9 January 2019

Talking Ourselves into a Cold War with China

by Simon Lester

Sometimes the latest turns of phrase in policy circles are just fleeting headlines, soon to be forgotten. As a presidential candidate, Hillary Clinton called for “ smart and fair trade .” But she disappeared from the political scene before we figured out what that meant.

However, other times they lead us down the road towards real changes in policy. Soon after the 9/11 attacks, Bush administration officials were accusing Saddam Hussein of being involved. At the time, the invasion of Iraq was hardly inevitable, and may not have seemed likely, but armed with the phrase “weapons of mass destruction,” the administration got the war momentum going, and that is the direction in which the country went.


The U.S.-China relationship is facing similar attempts to define it with very serious sounding terminology, as U.S. policymakers are in the grips of the latest bout of buzzwords and groupthink. The U.S.-China relationship, we are told, may undergo a “ conscious uncoupling .” The two countries could be moving towards an “ economic cold war .” Actual war is unlikely (although you never know ), but nevertheless a seismic geopolitical shift is supposedly upon us.

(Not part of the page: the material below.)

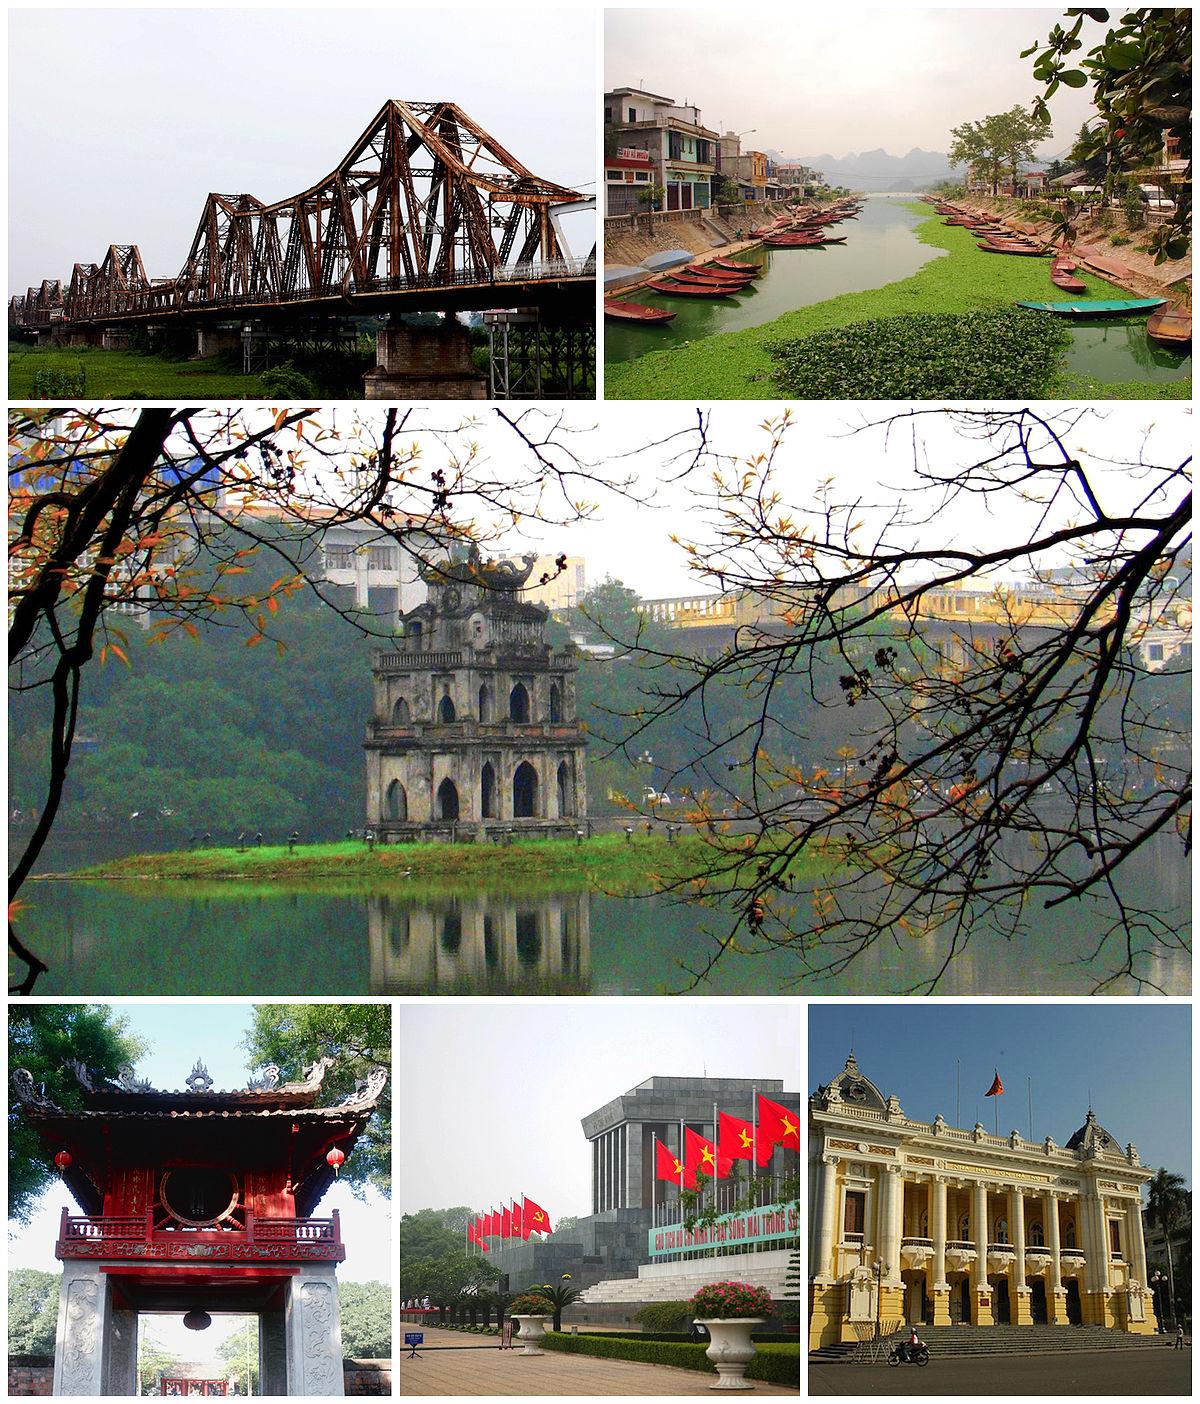 Nên kinh doanh gì ở Hà Nội, Kinh doanh gì bây giờ ở Thủ Đô

But what does all this really mean? Are these just transitory phrases that will be superseded quickly by the next big policy thing? Or is this view of the U.S.-China relationship becoming entrenched across the Washington establishment, with the course of history already set?

Let’s hope it is the former. Because if the rhetoric becomes reality, then today’s trade skirmishes will seem inconsequential compared to the economic disruption that would result.

On the American side, a contributing factor may be the wistfulness for the simplicity of past conflicts such as the real Cold War. Us versus them and good versus evil are simple and easy to comprehend. In the United States, there has been a continued search by some people for a powerful rival with whom we can compete for superiority and control of the world. “Radical Islam” briefly looked like it might fill this role, but it turned out to be a marginal threat. The idea of radical Islamists taking over the world was just not credible.

But China’s economic rise came along and gave people a new rival to elevate to the status of “ existential threat .” China’s economy and military are large enough, and have advanced quickly enough, to constitute a source of worry about America’s standing in the world for those determined to worry about it.

Of course, China’s many flaws are real. Its political system is authoritarian and oppressive. And there are real areas of conflict with China, including over the South China Sea, human rights, cyber-hacking and spying, as well as economic competition. But the actual degree of conflict has been exaggerated and over-hyped into a “ clash of civilizations .” Tyler Cowen recently claimed that “China desires to build an international political and economic order which would destroy liberalism as we know it,” but China experts tend to see the situation differently .

The United States and China can push for that clash if they want to, and there are people on both sides who seem happy to live in that world of conflict. But neither side should want this, and it can be avoided. The two powers do not have to agree on everything, and there will inevitably be some degree of conflict. But it can be managed by sensible policies, attempts at understanding, and good faith efforts on both sides, along with reliance on international institutions.

When thinking about how the United States should deal with China, a little knowledge of history can be helpful. China went through a one-hundred-year period of foreign economic intrusions, which makes it very sensitive to foreign bullying. If the administration’s goal is to open up China’s markets and encourage structural changes to the Chinese economy, unilateral tariffs imposed by the world’s superpower are not likely to work.

Of course, if the Trump’s administration’s real goal is to impose tariffs, which it may be , then it has already achieved what it has set out to accomplish. Tariffs will certainly push the two economies to “decouple,” and the administration is taking this further by encouraging allies to avoid Chinese products as well. The most extreme version of this approach would be a world with two separate economic spheres, one for the United States and its allies, and one for China and its allies. If we were to reach this state of affairs, then we might find ourselves close to the old U.S.-Soviet Cold War.

The good news is that everything the Trump administration has done in relation to the trade war with China is reversible. We can still change course. The Section 301 tariffs can be removed by the next administration, which is almost certain to have less hawkish and anti-China trade and foreign-policy advisers than this one. There are a few China hawks who will portray this as “weakness,” but in reality it is just a shift from a naïve, failed strategy to one that could actually work. Removing the Section 301 tariffs would not mean letting China off the hook. Rather, in combination with removing the administration’s Section 232 tariffs on steel and aluminum that have aggravated our allies, it would mean taking on China’s bad trade practices in a coordinated effort with other countries. Relying more on multilateral institutions offers the best chance to prompt reform in China.

The talk of an economic cold war is dangerous, and America should get off this road quickly. Although there are those who long for the past glory of American economic dominance, the fact is that we will never repeat the 1950s (and we shouldn’t want to). The future will be made up of wealthy countries, including China, and the U.S. economy is better off as a result of increased incomes in other parts of the world. There will be conflict, but we can manage it peacefully, and aggressive unilateralism combined with over-the-top rhetoric about a new “cold war” will only get in the way.

Simon Lester is the associate director of the Cato Institute’s Herbert A. Stiefel Center for Trade Policy Studies.